ULM: I would have been willing to read your old comics, but I can’t stand the vig. Being indebted to you is like working the midnight shift for Jabba the Hut. Plus, why read readily available comic books when instead I can search for the Marvel Masterworks version with the indifferent help of catastrophically uninterested clerks at several comic book stores, two used books stores, an almost shuttered Borders and our local Barnes & Noble? Luckily Amazon’s always open and is happy to destroy our local economy, so I was able to procure my 65 dollar reprint of $2.65 worth of old comics (original cover price). BUT, this is Deathlok, man, one of my favorite Marvel characters of all time. An anti-hero that serves as the basis for latecomers like the Terminator, Robocop and Harry Potter. Okay, not Harry Potter, but the other two stand.
LBG: I’d like Harry Potter a lot more if he was an undead cyborg killing machine.
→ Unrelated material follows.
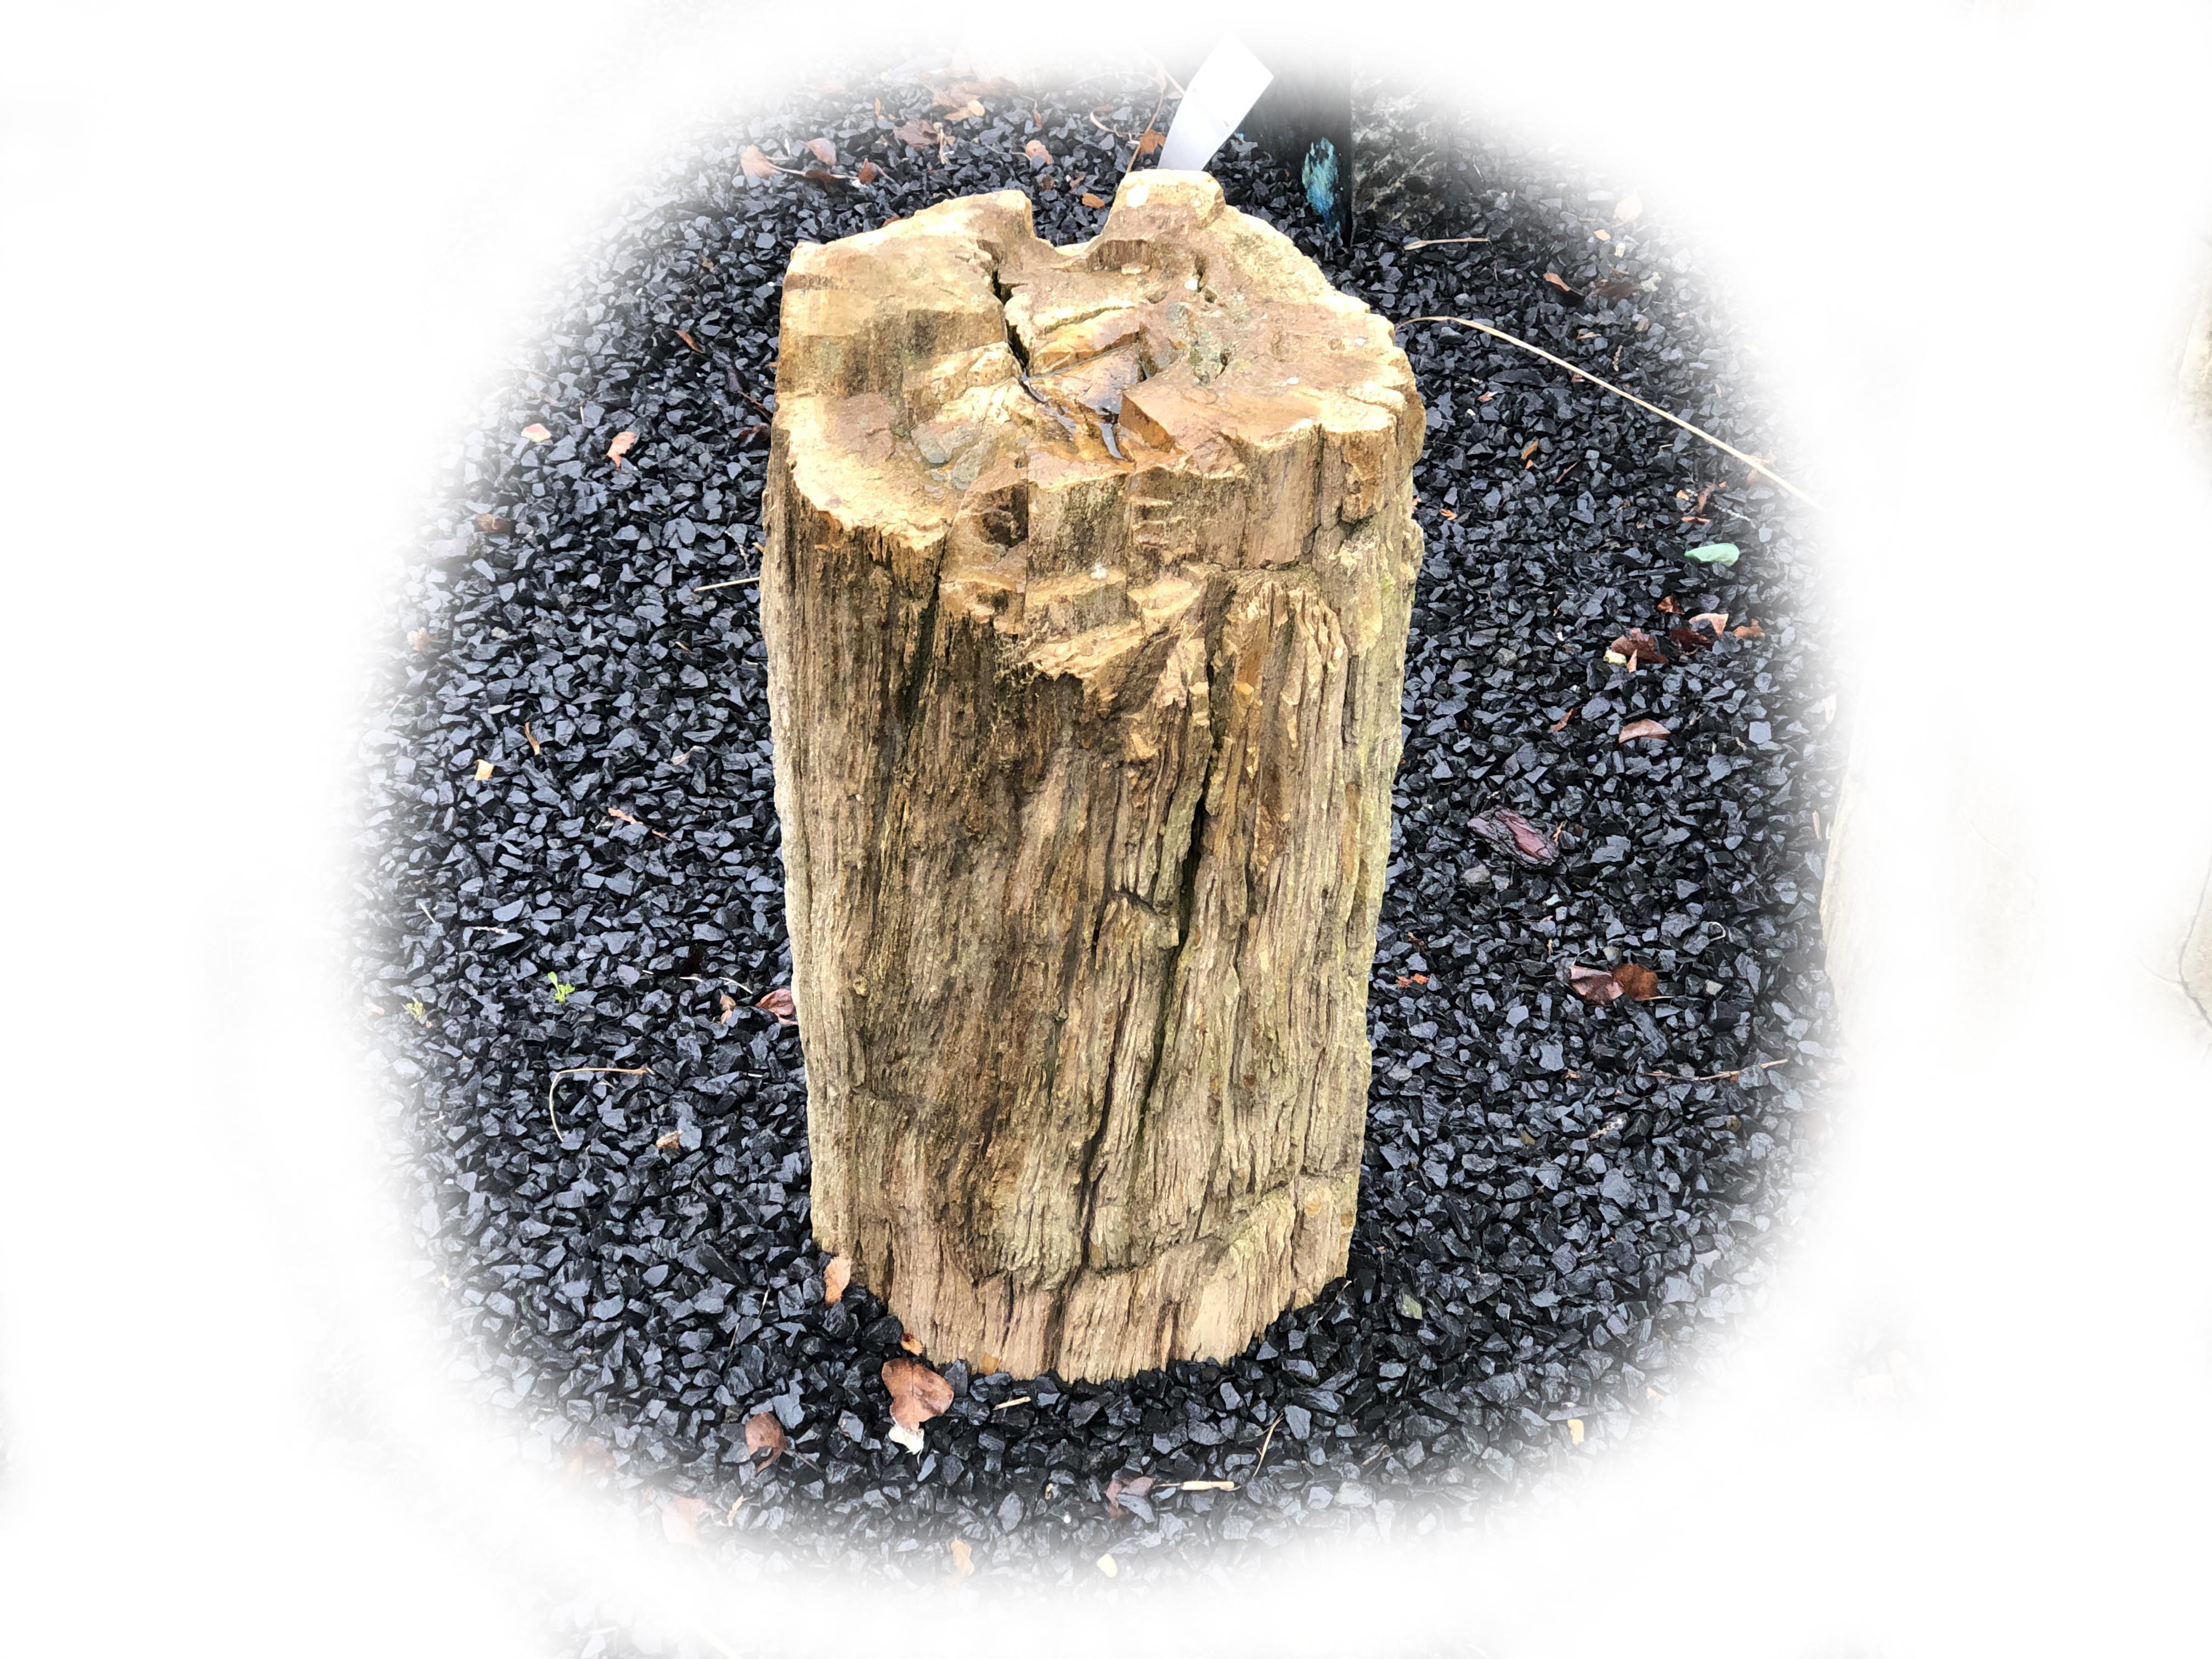 Versteend hout K-144

The original books aren’t a slick as your reprint, but they do have karma and that old comic smell. Unfortunately, the originals are also hard on the eyes — the crabby, “computer-style” lettering for “‘Puter’s” captions is difficult to read, and some of the white-on-black caption blocks are nearly illegible. But maybe that’s a blessing in disguise, because it gave me an excuse to skip some of the longer passages in what author Doug Moench admitted was a book that took him twice as long to write as a regular comic.
ULM: He should taken three times as long. I remember the comics as sophisticated tales of an anti-hero at war with himself. That core is in the comics somewhere, but for the most part these comics are unreadable today. Deathlok has too many points of view, the villains and main core of the story are flaccid and each panel is wallpapered with so many balloons I feel like I’m at the carnival. I was honestly expecting that my 70’s lens would not be too distorted, but I’m now convinced that the power and majesty of the character conception and design addled my adolescent memory into creating a whole different story.
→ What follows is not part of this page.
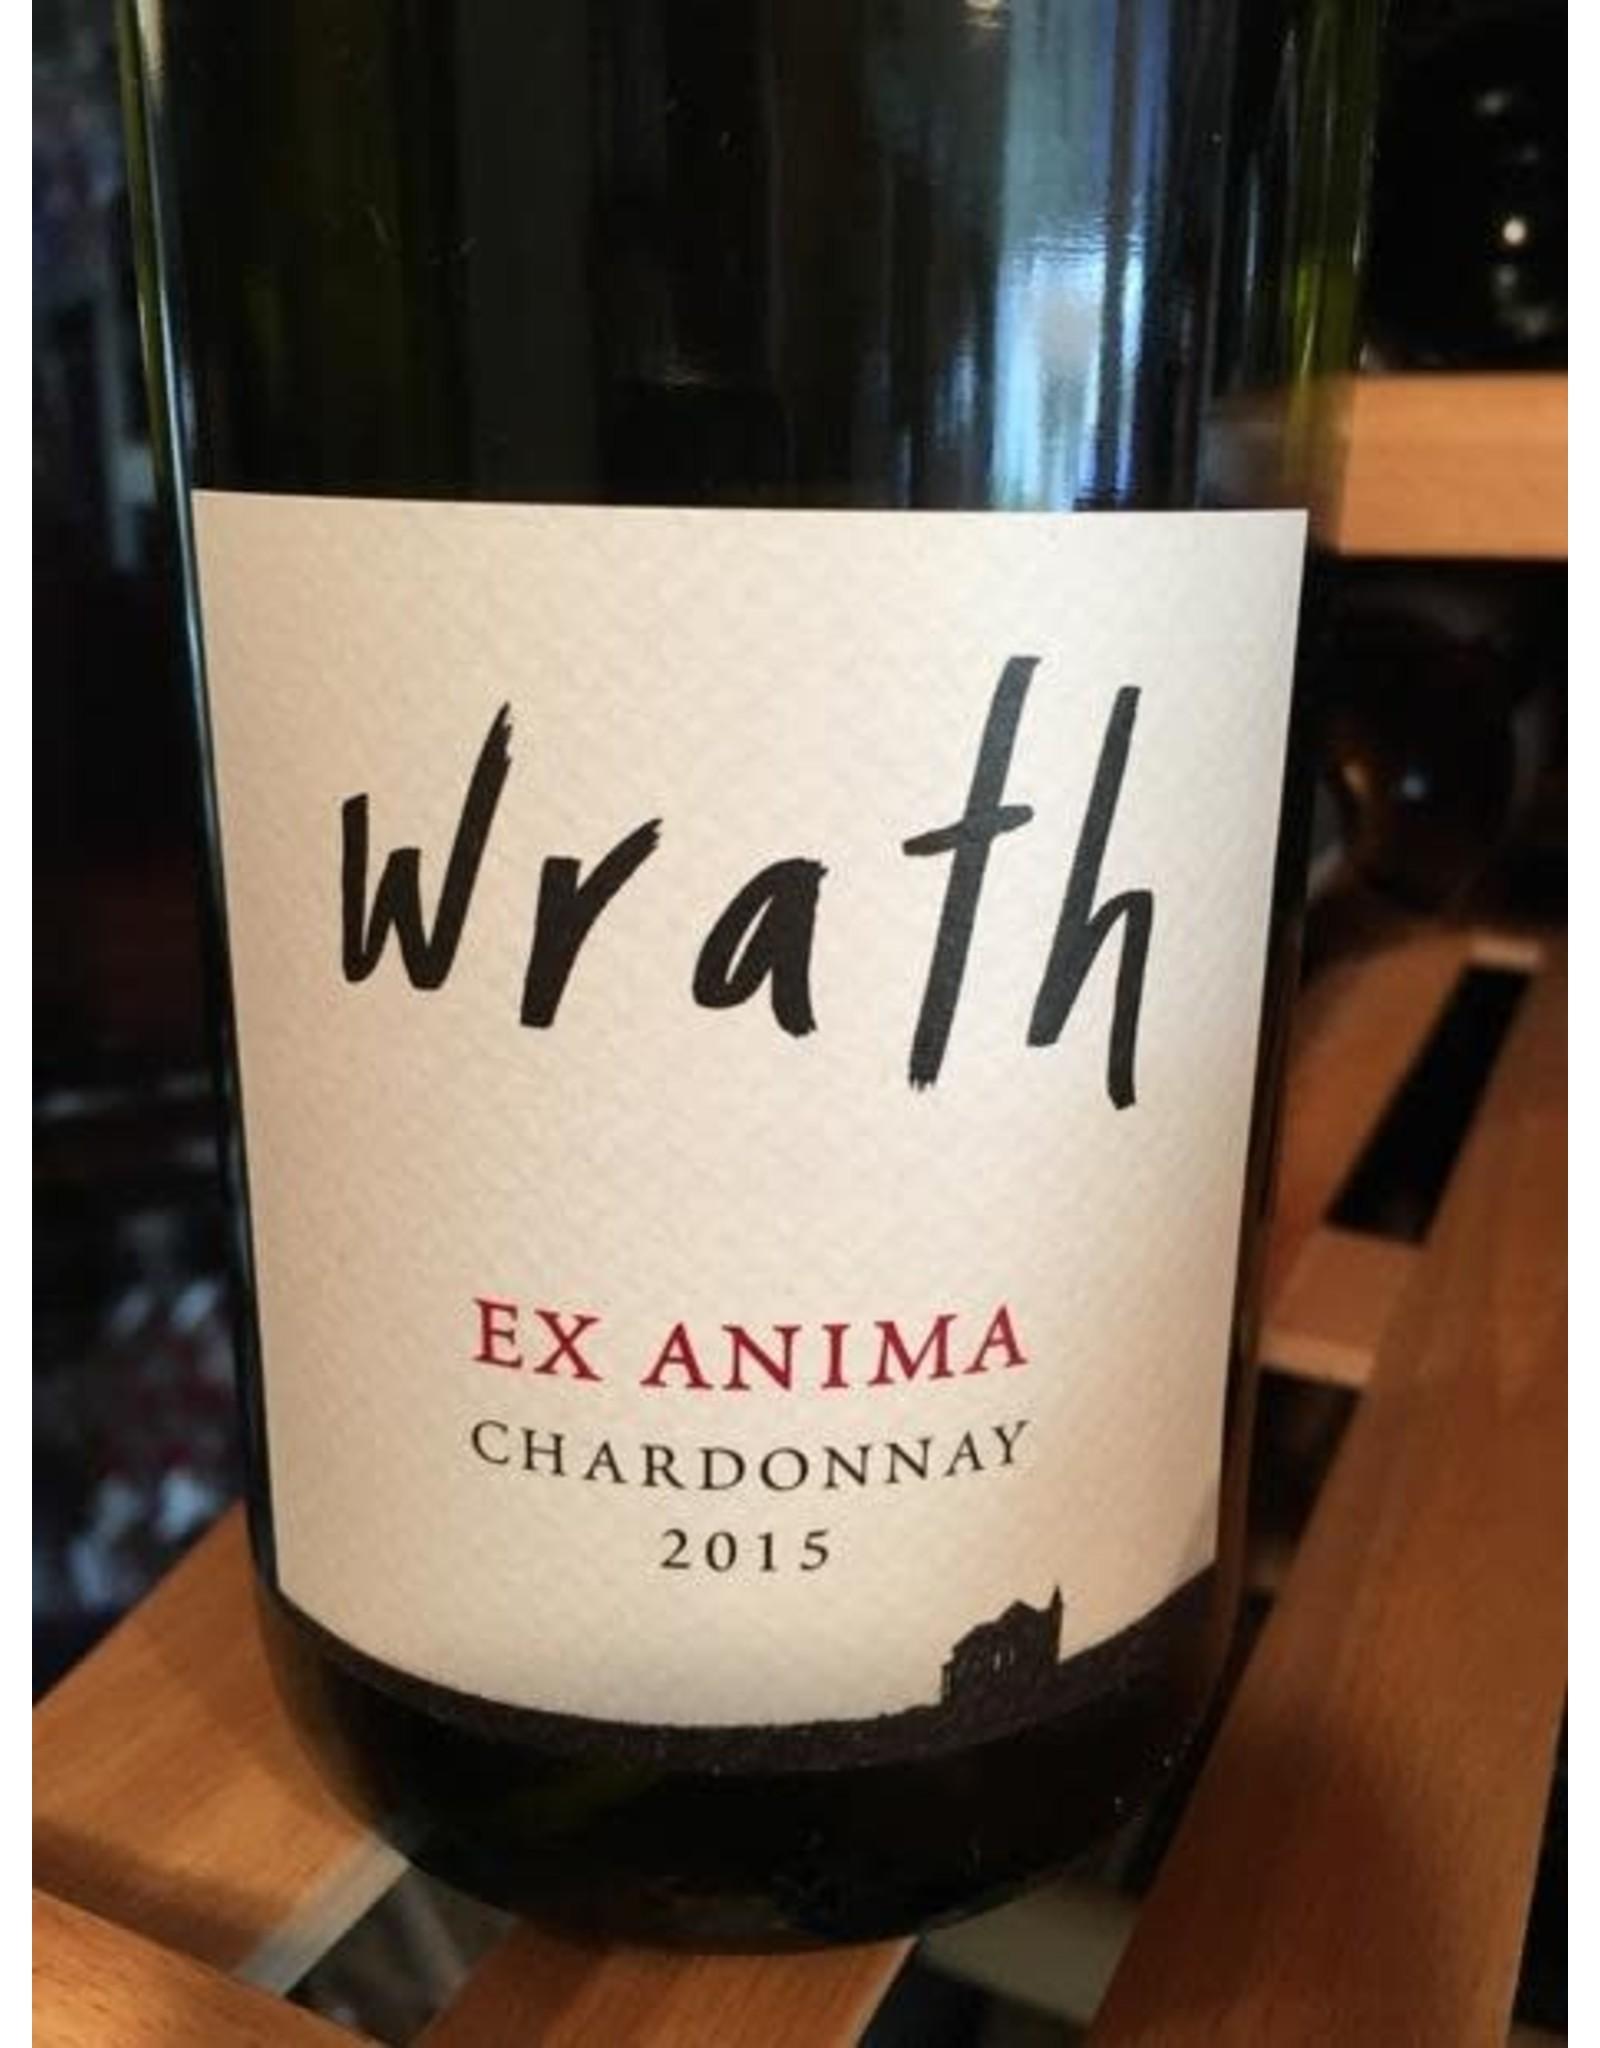 WRATH UNOAKED CHARDONNAY EX ANIMA 2015

LBG: Hold your tongue! Moench is a mensch and I will FIGHT YOU if you suggest otherwise! Half the reason I started this blog is for the still-unrealized purpose of raving over Moench’s run on Master of Kung Fu. I will admit that his Deathlok is a tad … overwritten, with the “violent stream of consciousness” captions in the first four issues being especially tiresome, but this book has so many things wrong with it that it’s not fair to single out Moench’s errors of enthusiasm as an especially critical flaw.
It’s also inaccurate to think of Deathlok as a Doug Moench book. Editorial material in the debut issue makes much of Moench’s collaboration with Rich Buckler, but it’s clear this is Buckler’s character, and Moench is gone after the first half-dozen issues. Writers and editors come and go through the fractured run of this series, but Rich Buckler is there to the bitter end, and he has his moments. Buckler always struck me as a poor man’s Jack Kirby, but he is sometimes inspired here (especially when teamed with Klaus Jansen on inks), with inventive layouts and lots of visceral, guns-blazing action.
original art for the single best page in the whole Deathlok run, from the Dave Karlen Original Art Blog
ULM: Deathlok as a name, as a concept and as a character design are among the greatest comic book anti-heroes ever. It’s why a better and far more successful version emerged over time from James Cameron in Terminator 2 and the cinematic realization of Robocop’s conflict between internal soul and machinima. I think Rich and Doug were on to something really big — it’s why I dropped 70 bucks on the hardcover! — but they couldn’t realize it because of the 70’s comic book storytelling conventions at the time.
LBG: Since not everyone has an encyclopedic knowledge of failed Marvel Comics heroes I suppose a summary is in order.
Deathlok the Demolisher was a science fiction action series that ran in issues #25-36 of Astonishing Tales, one of those weird old bi-monthly Marvel books that had a changing cast of title characters (previous issues ran stories of Ka-Zar, Doctor Doom, and the unlamented IT! The Living Colossus). Raised from the dead as a cyborg assassin, Deathlok is literally “locked in death,” a revivified warrior kept alive by cybernetic technology and guided by an artificial intelligence — “the ‘Puter” — who serves to offer helpful analysis like predicting a “99% chance of death” if Deathlok goes forward with some half-assed plan. ‘Puter’s primary role — and really the whole hook for the series — is to torment the reawakened consciousness of dead warrior Luther Manning, who is in no way happy to wake up in a cyborg body, five years after his death, as the centerpiece of a Frankenstein-like experiment to create an army of undead supersoldiers.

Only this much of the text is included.